Denver’s Western Saloons Resembled English, Irish Pubs

Pulse News Mexico photo/Rich Grant

By RICH GRANT

People have been buying alcoholic drinks in England for more than a thousand years at a variety of taverns, ale houses, coaching inns and grog shops, but what we think of today as a typical English pub didn’t happen until 1830. In the 1700s, to counter distilled spirits imported from Ireland and Scotland, England encouraged distilling corn into gin with the result that William Shakespeare’s “green and pleasant land” endured almost a century of drunkenness. In 1740, there were 9,000 gin shops in London alone.

Pulse News Mexico photo/Rich Grant

In 1830, to encourage more sensible drinking of beer instead of gin, the Duke of Wellington proposed that all taxes on beer be removed and for the price of two guineas anyone could brew and sell beer. Predictably, this had the opposite effect than intended and in one year, 30,000 beer shops opened.

Because many of these first public houses were actually in the brewer’s home, the early “pubs” resembled living rooms, only they were much nicer than the places people lived, with better lighting, more comfortable chairs, games like darts and, of course, beer, conversations, neighbors, music, gossip and laughter. At a time when there was nothing much to do in the evening, the local pub became a great source of joy.

So it’s not surprising that when Denver was founded in 1858 in a gold rush that attracted huge numbers of lonely English and Irish immigrants, the first thing they did was open a pub. It was on Christmas Day 1858, that legendary mountain man Uncle Dick Wootton rolled into town with a wagon of trade goods and barrels of “Taos Lightning,” a concoction of distilled whiskey mixed with raw alcohol, burnt sugar and sometimes a plug of chewing tobacco for flavor.  Wootton’s “Western Saloon” was the first building in Denver with a wood floor. William Byers located his Rocky Mountain News above the saloon, until the relentless gunfire and brawling down below sent him to safer quarters.

Pulse News Mexico photo/Rich Grant

Because while Denver’s saloons were similar to English pubs in that they offered townspeople a nicer place to hang out where they could find companionship and whiskey, on the lawless frontier, these saloons also offered gambling, prostitution and, as the town grew, a crazy collection of outlaws, gunmen, swindlers, dance hall girls, grifters and adventurers.

More than 100,000 men and women passed through Denver in search of gold from 1858 to 1860. Saloons became the government, social and entertainment centers.  The first capitol of Colorado Territory was a saloon, and still is – the Old Capitol Grille in Golden. The Apollo Saloon in Denver built a hall on the second floor where Denver’s first theatrical performances took place – a collection of well known dramas, slapstick comedies and musicals put on by Coronel C.R. Thorne’s Star Company. Encouraged by the success of this performance (tickets sold for the outrageously high price of $2.50) the saloon across the street, Cibola Hall, also built a theatre above the saloon and held auditions for actors. It turned out, almost everyone in Denver was an amateur actor or singer and they all auditioned.

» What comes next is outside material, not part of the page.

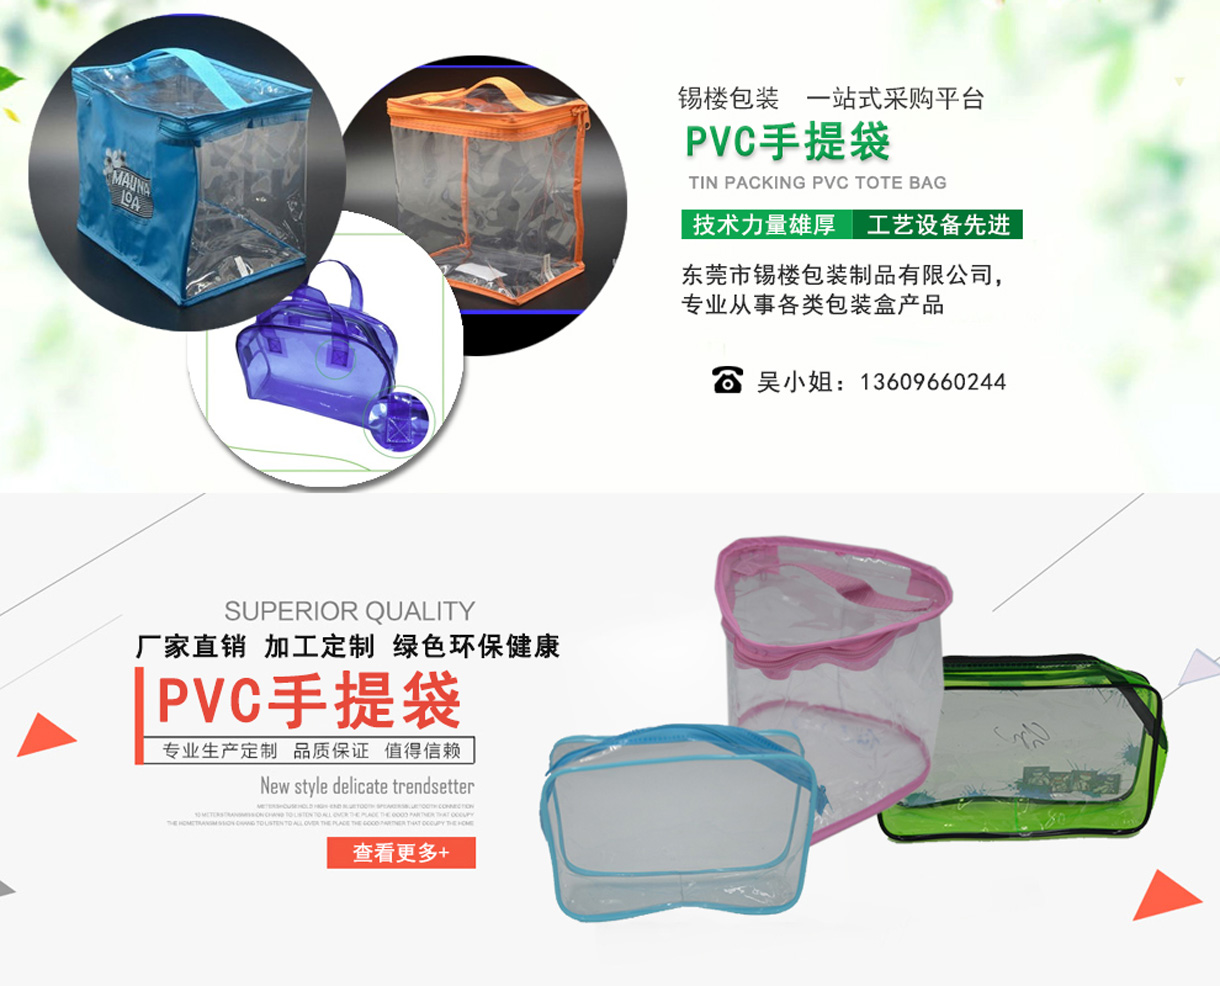 东莞市锡楼包装制品有限公司-中国国际包装展-中国包装容器展

Pulse News Mexico photo/Rich Grant

Most Denver saloons were a far cry from the opulent dance halls depicted in Western movies. In the early days, some had canvas roofs, and most had just one long bar along the side of a wall and a scattering of chairs and tables where gambling would go on 24 hours a day. As Denver gentrified, the old idea of a pub as a “living room” came back into style. Today, the oldest liquor license in Denver is held by the 1893 Buckhorn Exchange. The top floor bar of the Buckhorn has a Victorian seating area that would feel right at home to any pub patron in London, except of course, for the 500 animal heads, Winchester rifles and feathered headdresses on the walls.

Today, Denver and Colorado still offer more than 300 “local pubs,” only now they are called craft breweries. Like English and Irish pubs of old, the breweries close early, usually about 10 pm. Though some have food, you seldom go there for the food. They have patios set aside so you can bring your dog, they are family friendly and cater mostly to neighbors and friends who come to play games and converse. And like the pubs of old, they have real beer on tap, not mass produced lagers. If Charles Dickens, a regular London pub-goer, was still alive, he’d feel right at home in a Denver craft brewery.

 

One comment

  • Don’t forget the German, Czech, etc influences of a corner “Kneipe”. Also, was recently in Dublin: the Brazen Head dates back to 1138. In another, Stag’s Head, the barman apologized that they were only from the 1700s.